The psychic, now on a roll, zeroes in on the word “tutu”. Bingo. The client’s daughter’s favorite book, a ballet story he repeatedly reads to her, has that very word in its title.
A young woman needs to know if her birth mother in China who gave her up still thinks of her. Adopted as a child by white parents, she wants to deepen her connection to her Chinese heritage, but, poignantly, seeks her birth mother’s approval to move forward.
Candidly, the psychic reports no clear signal, but also sees no obstacle in the woman’s path to self-discovery.
There are lighter transactions, like the one where an elderly woman has a question about her cheerful, outgoing dog. When they’re out walking together, her pet eagerly leaps up to touch and be petted by strangers.
But does he love her just as much? Yes, she’s assured; it’s merely that her dog wants her to reach out to strangers, too. The relieved woman’s smile, acknowledging she’d wondered all along if that’s what was going on, is priceless.
These exchanges can mimic therapy, but a touch of the mystical underpins them. Psychics live and move in the emotional margins. Many are frustrated artists who transform intense habits of listening into a form of outreach and expression.
Some come from established belief systems, others from no spiritual tradition at all. They often couldn’t fully embrace their gifts until they were into their 30s, and also needed to amplify them with reading and coursework.
But can they really hear from the dead and summon absent people or forces? It’s important to respect what they actually claim as opposed to what they’d never propose they can do.
For one thing, these sessions aren’t séances. No psychic here claims to evoke the actual presence of any other person. Psychics are mediums who “feel” the other, “hear” them and put their pleas into healing words.

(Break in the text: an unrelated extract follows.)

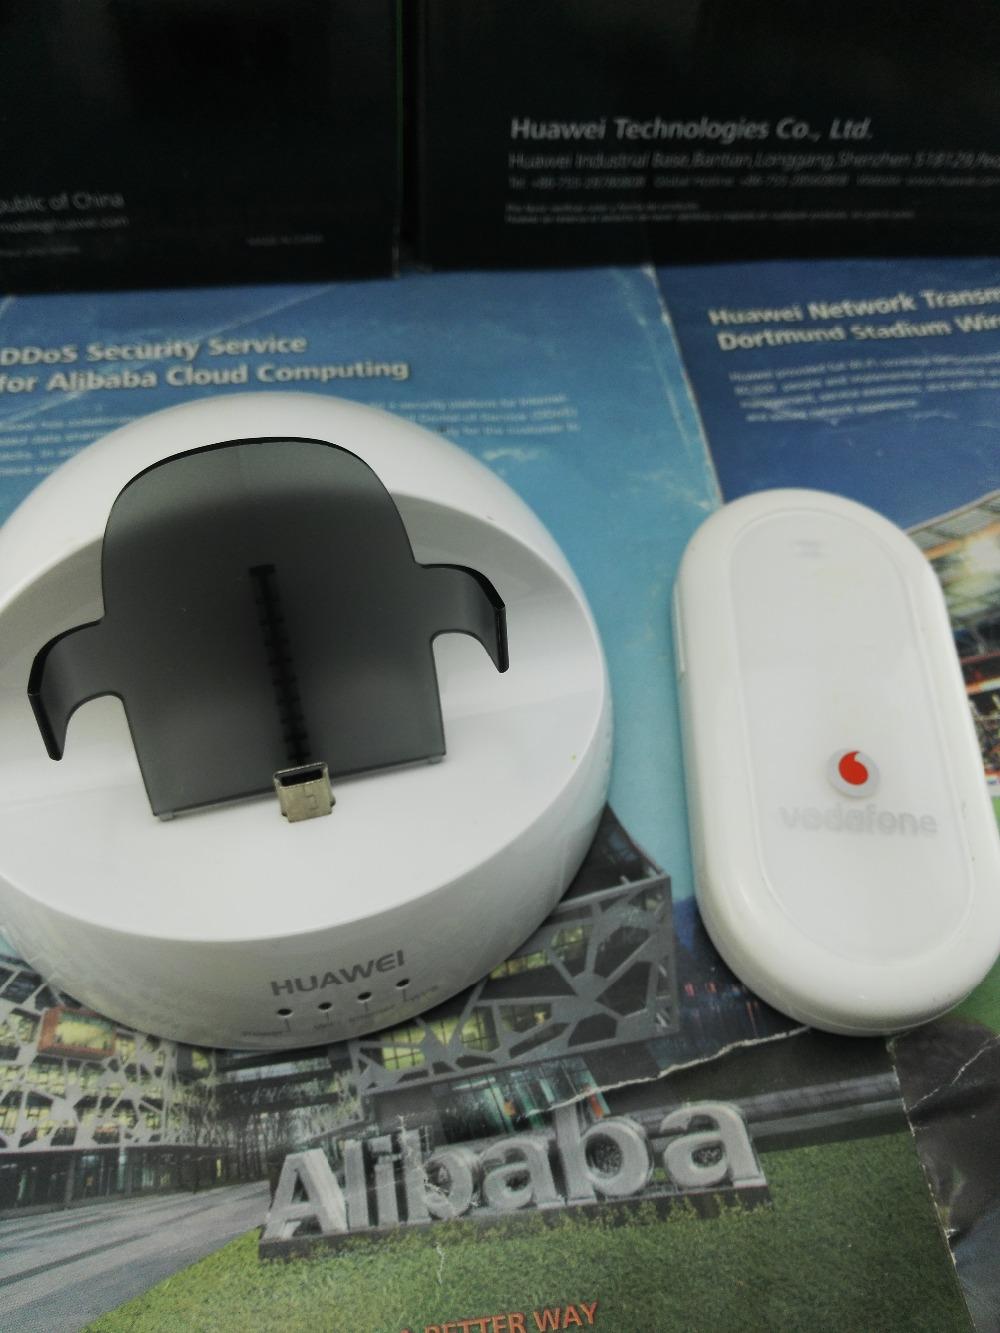 Huawei D108 Wireless Router Surf Station+HUAWEI E220,E216,E219 usb modem(choose one as you want)(China (Mainland))

Vitally, those are the psychic’s words. No direct communication is ever suggested.
But, as one psychic asks, does it matter if it’s “only” the psychic’s imagination at work? How far apart are imagination and the actual anyway? If the client feels the connection, it’s happened, it’s real.
We also see psychic ventures that don’t pan out. When one psychic and client meet, they discover, to their surprise, that years before they’d been close friends with the same person. But with multiple attempts the psychic can’t hear the mutual friend’s voice or deduce his thoughts.
Psychics here sadly acknowledge that they’re sometimes “blocked” from insights. Past abuse they’ve suffered, childhood trauma they can’t shake, or knotty career choices can get in their way. Should I be an actor or a psychic, one practitioner asked himself for years before settling on mind exploration.
Others paint pictures, compose or play music, design apartment interiors or clothing. They all seek outlets for a kind of voracious energy they have trouble wrangling. Their clients often open up pathways for the psychics to trace their own wounds and scars.
Look Into My Eyes isn’t going to persuade you that psychic claims are genuine, or even worth pursuing for yourself. But it’s not looking to convert you to a believer. It only wants you to question what you sometimes sense and can’t explain. Where exactly is that happening?
We sometimes hear director Wilson asking a question, but she’s never on camera. Her cinematographer Stephen Maing shoots in crisp, unadorned interview style, letting the swift passage of two- or three-second cuts build wonder in our minds. It’s all warmly lit, so the questions and the invitation remain open.
A very nice respectful review. Thank you. One thing: I think it's important to make the distinction between a psychic and a medium. As a New York psychic, I prefer to deal with a client's issues in this life only, like a psychic therapist - rather than hearing messages from dead relatives. I do hear messages from my guide with great accuracy including names and all sorts of specifics. It's very rewarding! But I choose to deal with helping a client with their current issues in their current life.